Stored entries:
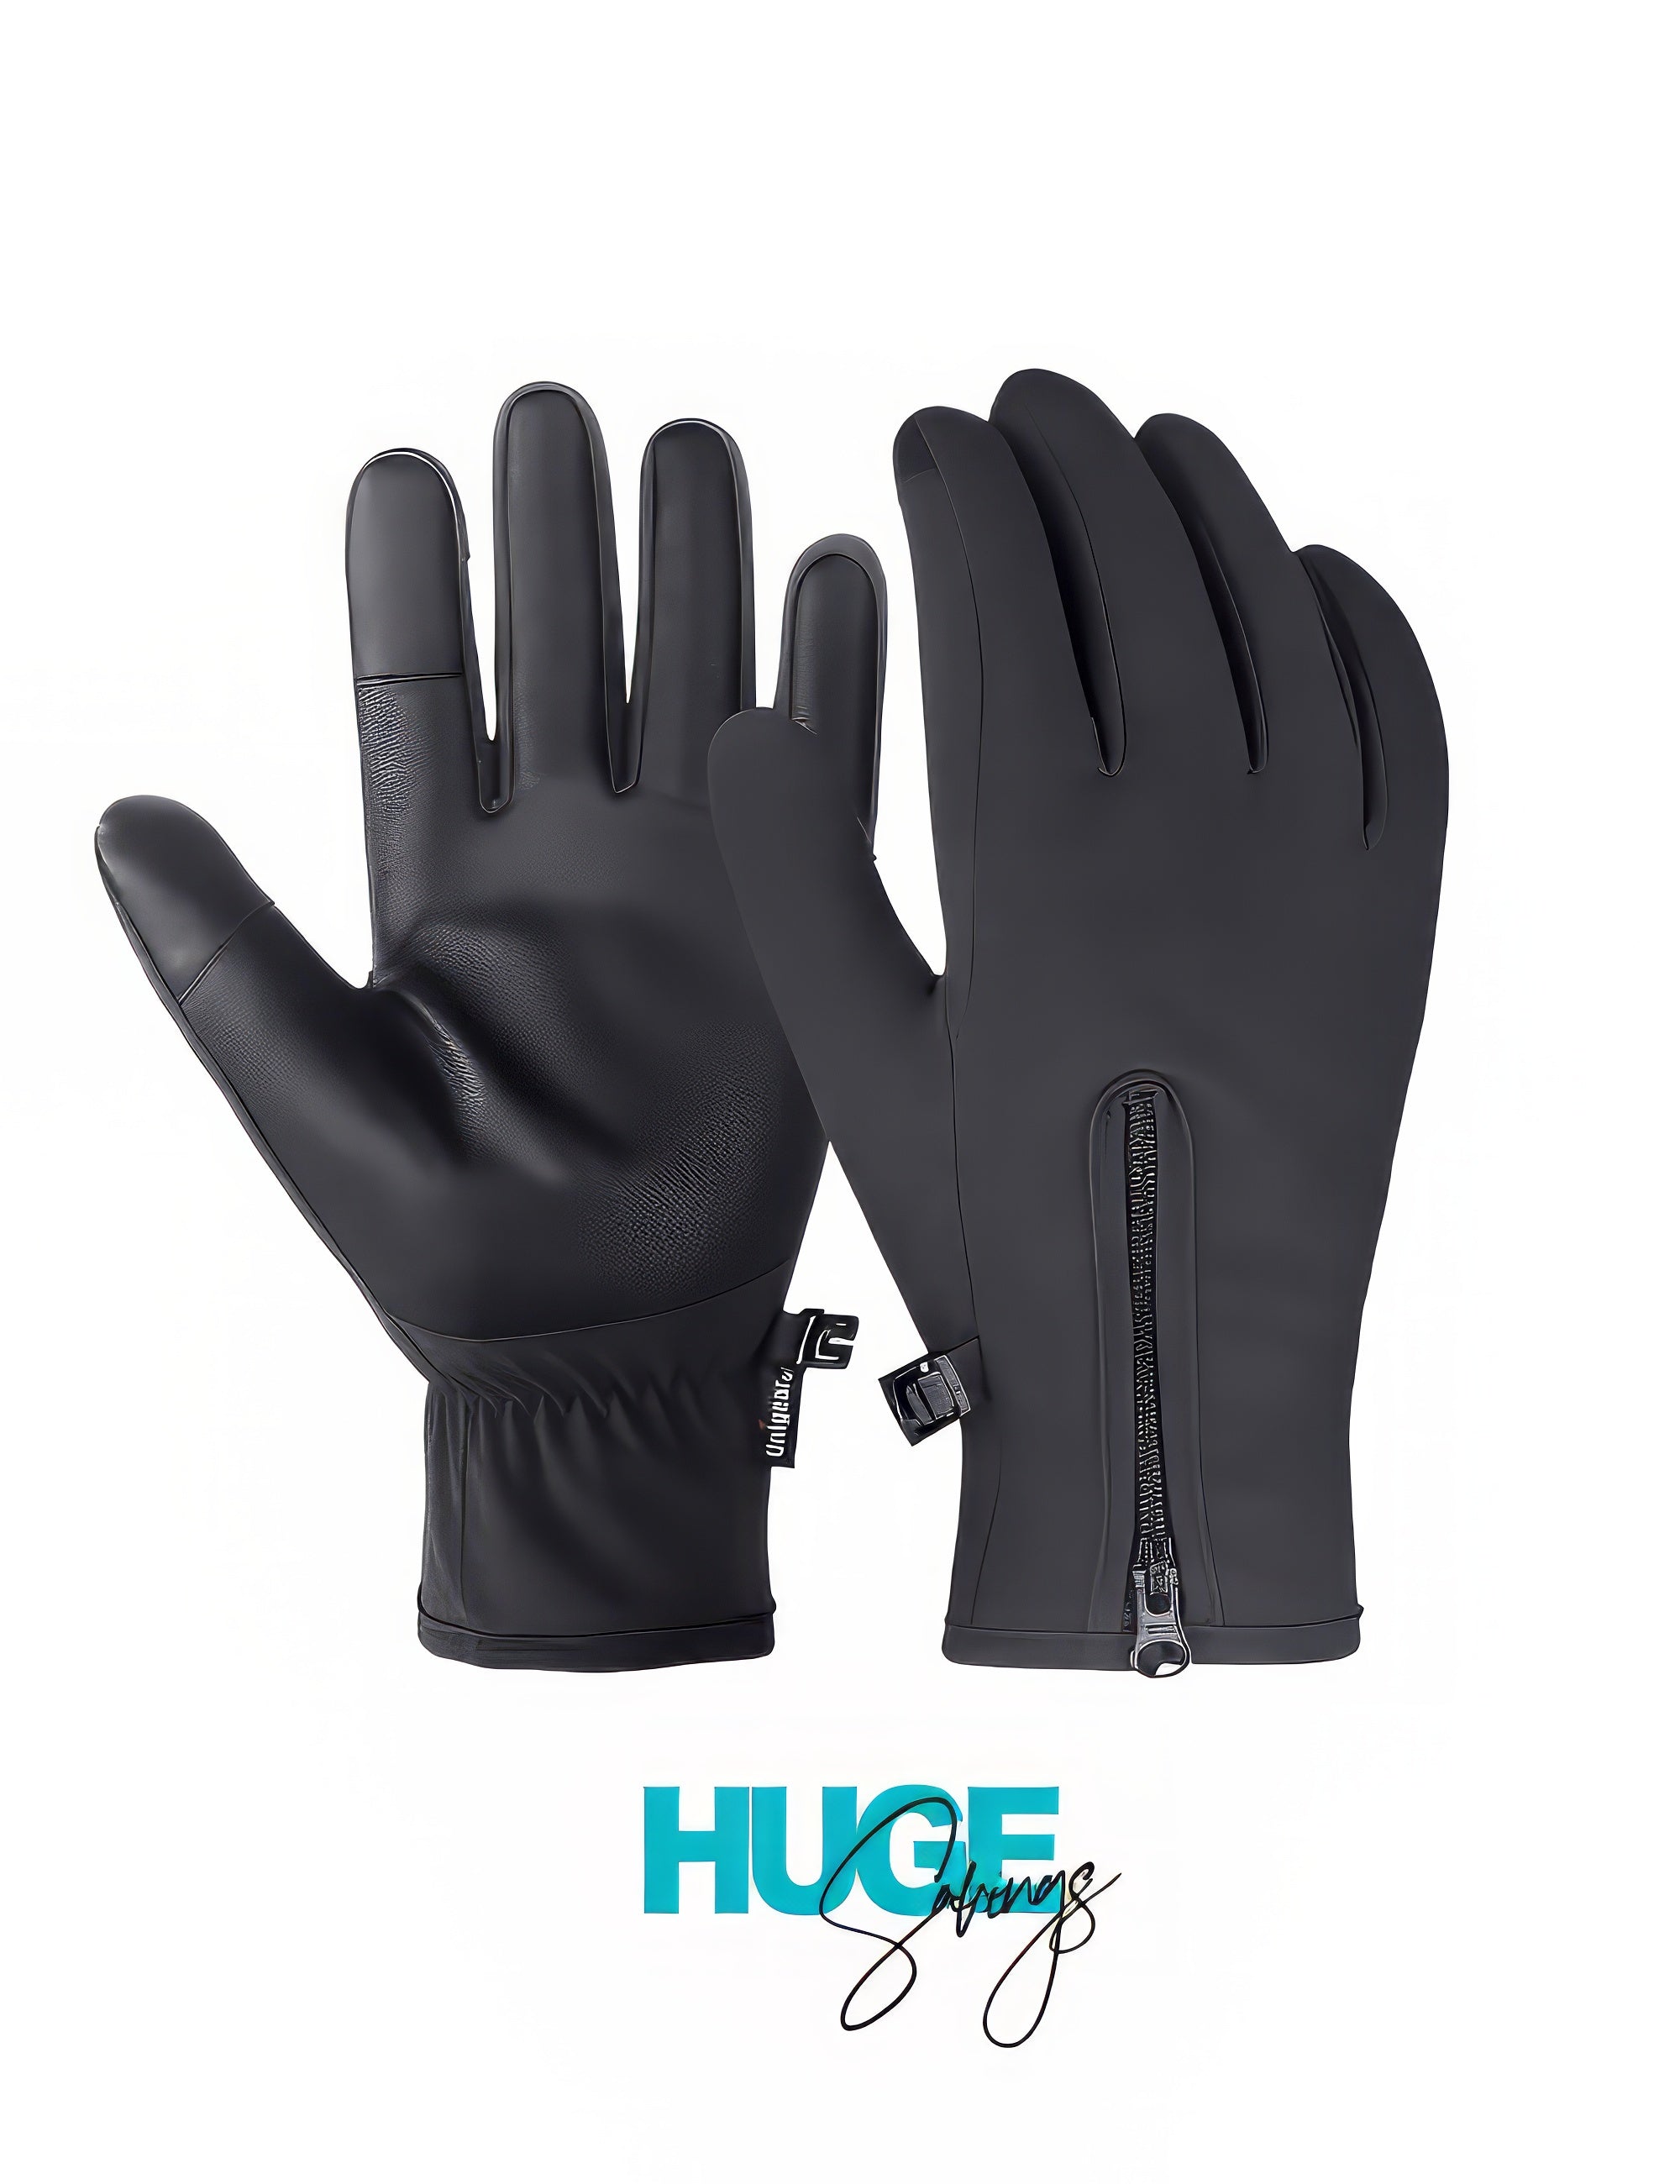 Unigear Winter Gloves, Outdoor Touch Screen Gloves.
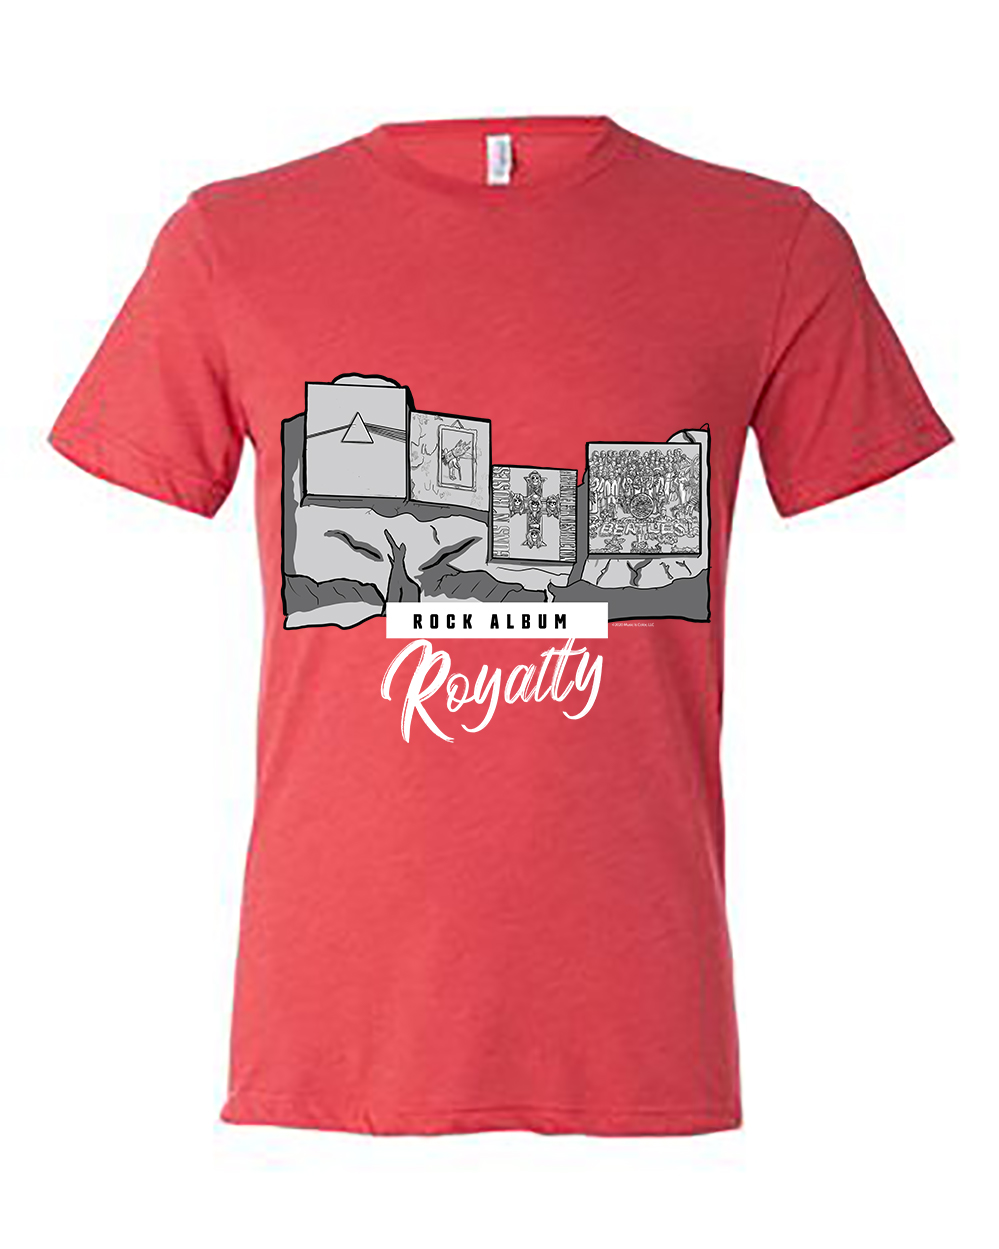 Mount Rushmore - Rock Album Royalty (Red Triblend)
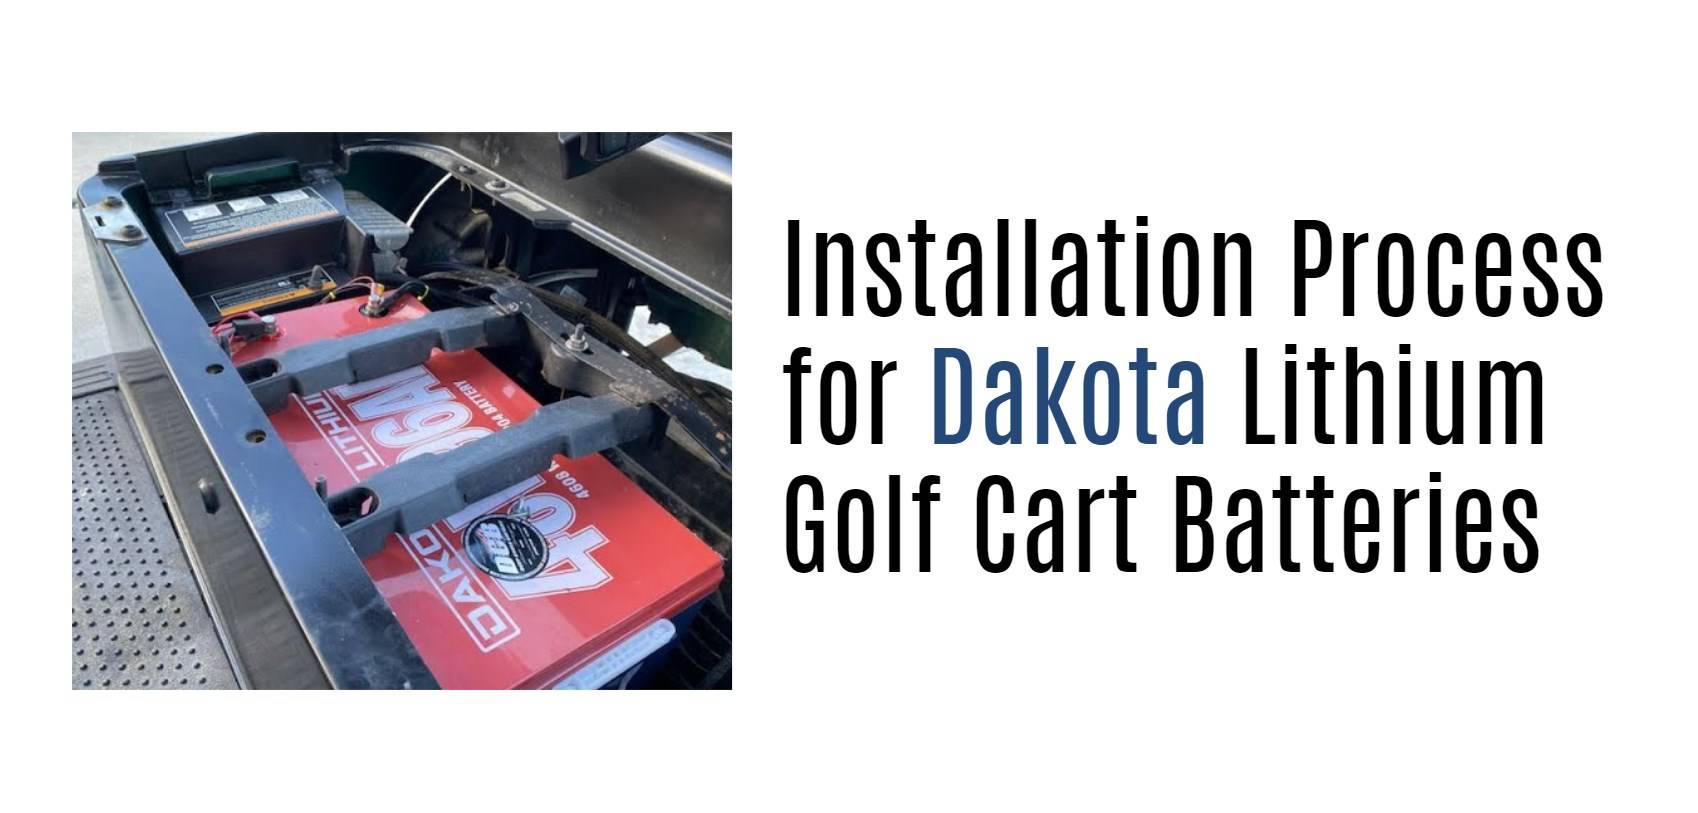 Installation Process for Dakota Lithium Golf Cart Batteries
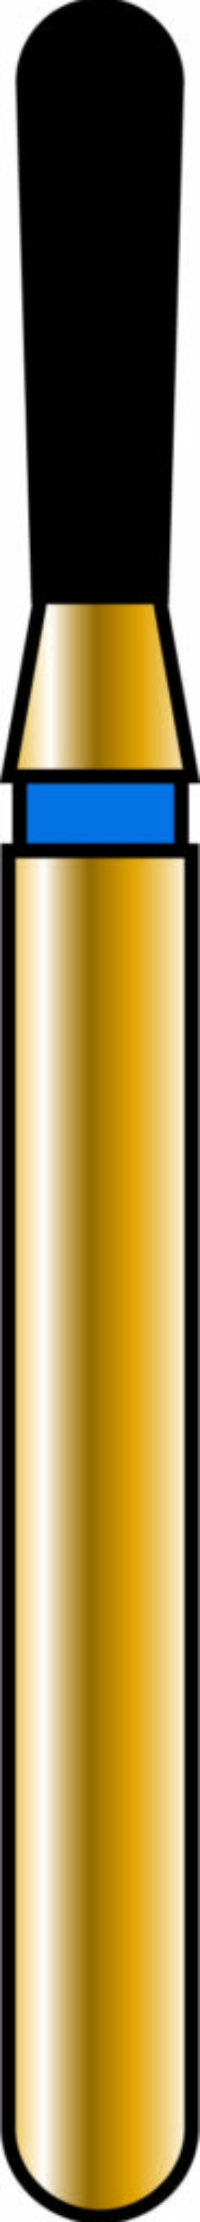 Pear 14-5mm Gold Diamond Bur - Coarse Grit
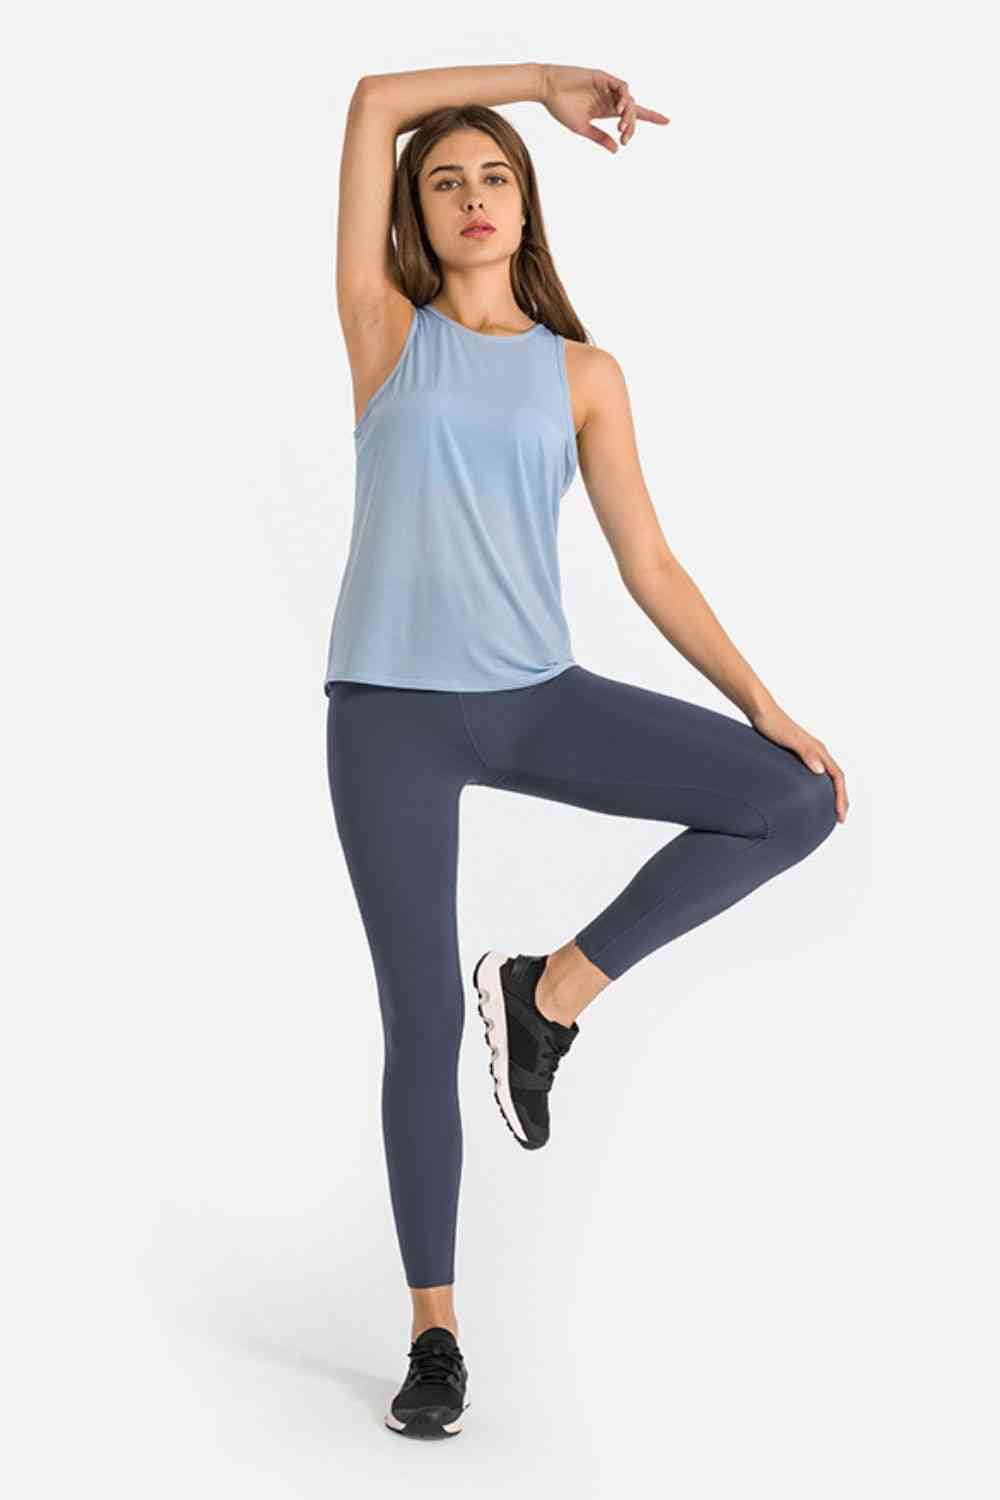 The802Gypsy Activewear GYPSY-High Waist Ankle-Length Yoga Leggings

> _WORK INSTRUCTION_: Print all records verbatim, excluding pictures.

> _RESPONSE_:
 Unigear Winter Gloves, Outdoor Touch Screen Gloves.
 Mount Rushmore - Rock Album Royalty (Red Triblend)
 Installation Process for Dakota Lithium Golf Cart Batteries
 Pear 14-5mm Gold Diamond Bur - Coarse Grit
 The802Gypsy Activewear GYPSY-High Waist Ankle-Length Yoga Leggings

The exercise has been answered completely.